Steps to solve a Mesh problem

step 1 : Give Direction to the Current flowing in Loops

step 2 : Apply KVL and get no.of equations

step 3 : Put Equations in Simultaneous Mode of scientific Calculator and Solve

step 4 : You will Now get value of \(I_3\) \(I_2\) \(I_3\) ......\(I_n\)

Example :

Apply Mesh to Following Circuit :

Apply KVL to loop 1

5\(I_1\)+2\(I_1\)-2\(I_2\)-25=0

7\(I_1\)-2\(I_2\)+0\(I_3\)=25 --- Eqn 1

Apply KVL to loop 2

2\(I_2\)-2\(I_1\)+3\(I_2\)+4\(I_2\)-4\(I_3\)=0

-2\(I_1\)+9\(I_2\)-4\(I_3\)=0 --- Eqn 2

Apply KVL to loop 3

4\(I_3\)-\(I_2\)+6\(I_3\)=0

0\(I_1\)-4\(I_2\)+10\(I_3\)=0 --- Eqn 3

Solve Eqn 1,2,3 Simultaneously we get,

7\(I_1\)-2\(I_2\)+0\(I_3\)=25 --- Eqn 1

2\(I_1\)+9\(I_2\)-4\(I_3\)=0 --- Eqn 2

0\(I_1\)-4\(I_2\)+10\(I_3\)=0 --- Eqn 3

Ans -

\(I_1\)= 3.315412 Amps

\(I_2\)= -0.89605 Amps

\(I_3\)= -0.35842 Amps

Super Mesh : A supermesh occurs when a current source is contained between

two essential meshes

Example : Supermesh -

Find current through 5Ω Resistor

Apply KVL to Loop 1

10\(I_1\)-10\(I_2\)+5\(I_1\)-5\(I_3\)=50

15\(I_1\)-10\(I_2\)-5\(I_3\)=50 --- Eqn 1

Mesh 2 & Mesh 3 Shares Same current Source due to which a Super mesh is formed

Writing Current Eqution for Super Mesh

\(I_2\)-\(I_3\)=2 --- Eqn 2

Applying KVL to Supermesh

10\(I_2\)-10\(I_1\)+2\(I_2\)+1\(I_3\)+5\(I_3\)-5\(I_1\)=0

-15\(I_1\)+12\(I_2\)+6\(I_3\)=0 --- Eqn 3

Solving Eqn 1,2,3 Simultaneously We get

\(I_1\) = 20 Amps

\(I_2\) = 17.33 Amps

\(I_3\) = 15.33 Amps

hence \(I_{5\Omega}\)=\(I_1\)-\(I_3\)

=20-15.33= 4.67 Amps

∴ \(I_{5\Omega}\)= 4.67 Amps

3. Delta To Star Transformation

Formulae

\( R_{1} = \frac{R_{b} R_{c}}{R_{a} + R_{b} + R_{c}} \)
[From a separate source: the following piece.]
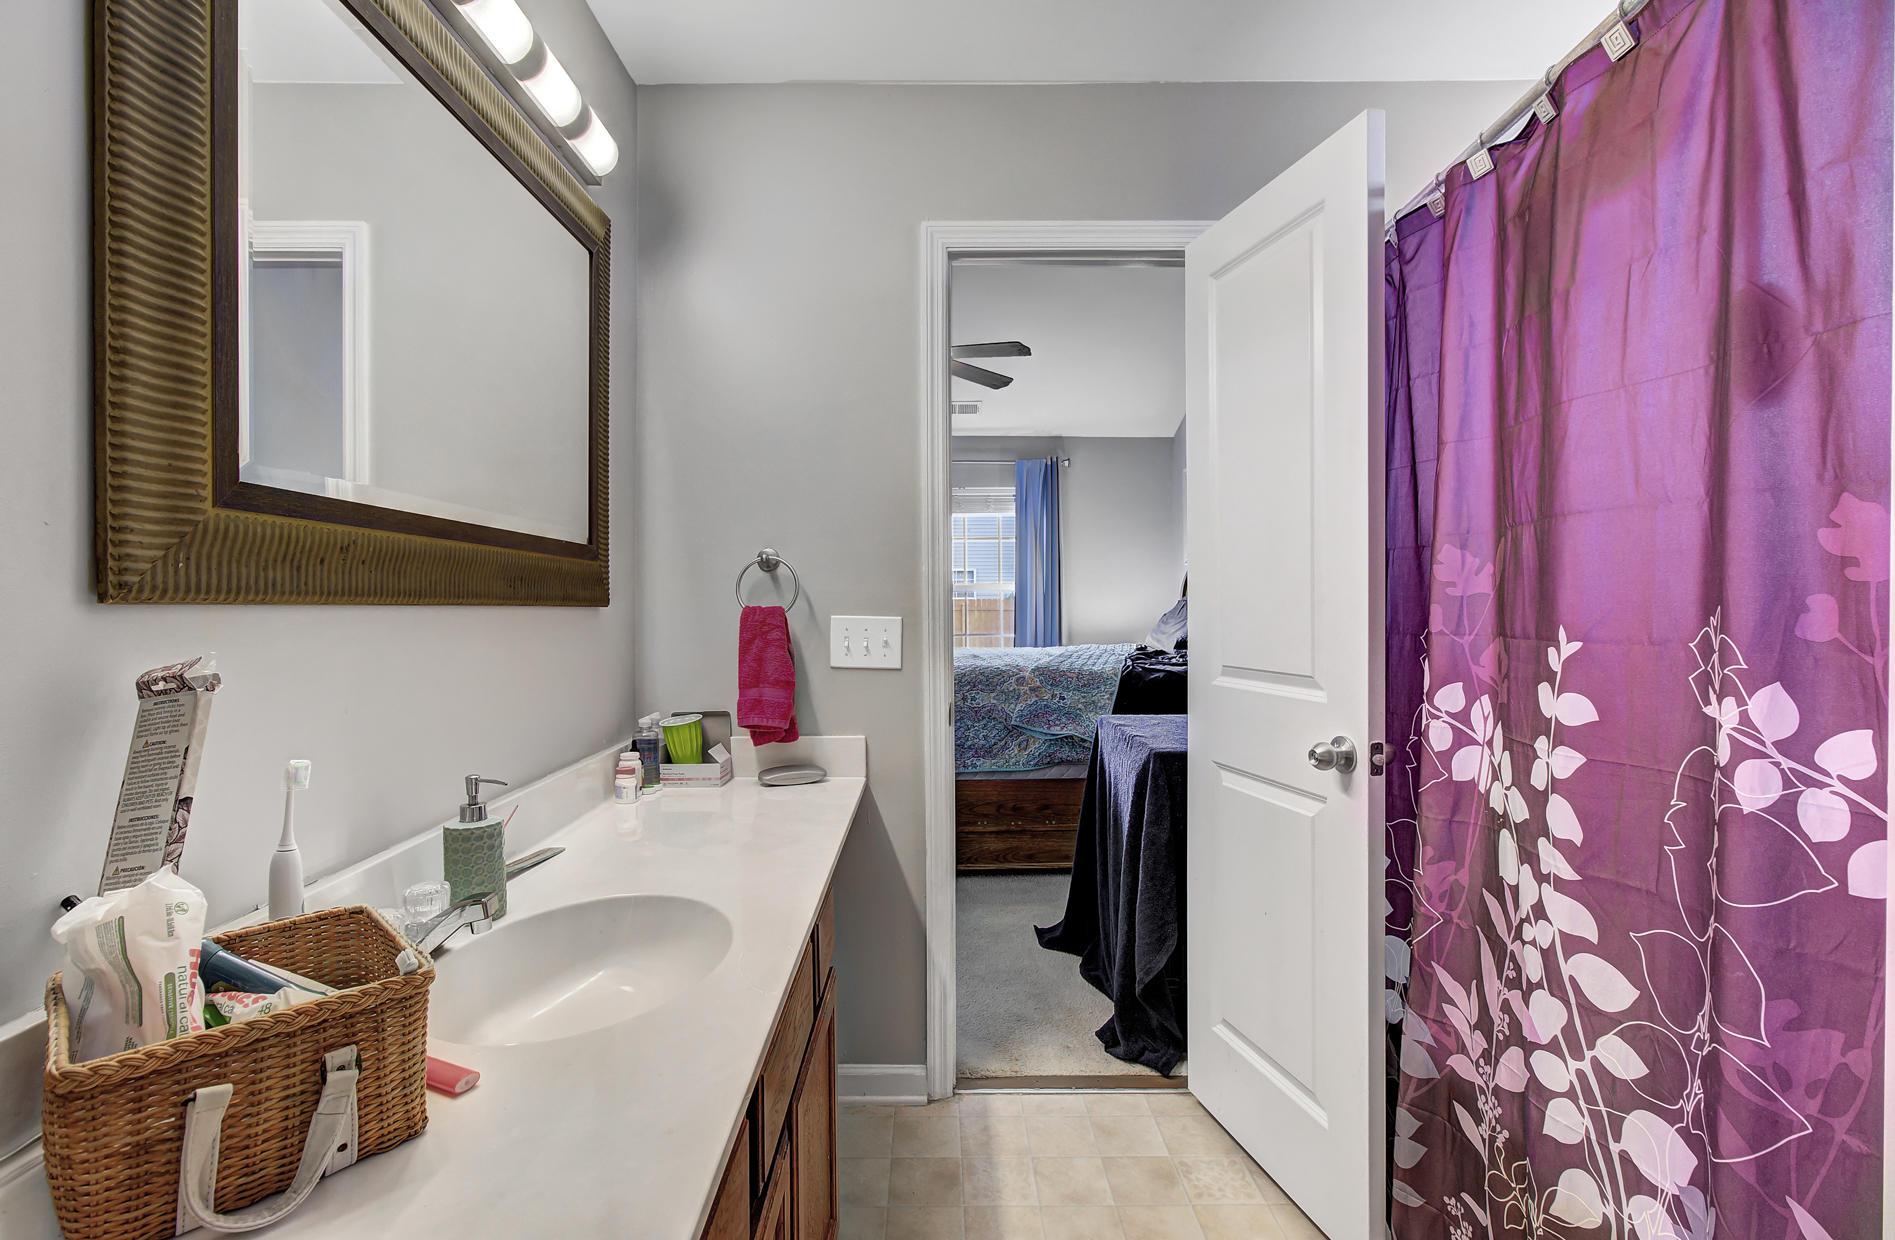 Oakley Pointe Homes For Sale - 231 Silk Oak, Moncks Corner, SC - 18

\( R_{2} = \frac{R_{a} R_{c}}{R_{a} + R_{b} + R_{c}} \)

\( R_{3} = \frac{R_{a} R_{b}}{R_{a} + R_{b} + R_{c}} \)

4. Star to Delta Transformation

Formulae

\( R_{a} = R_{2} + R_{3} + \frac{R_{2} R_{3}}{R_{1}} \)

\( R_{b} = R_{1} + R_{3} + \frac{R_{1} R_{3}}{R_{2}} \)

\( R_{c} = R_{1} + R_{2} + \frac{R_{1} R_{2}}{R_{3}} \)

5.Theorems
a. Superposition Theorem

The voltage or current in any one branch of a linear, passive network can be

determined by considering the effects of each independent source separately.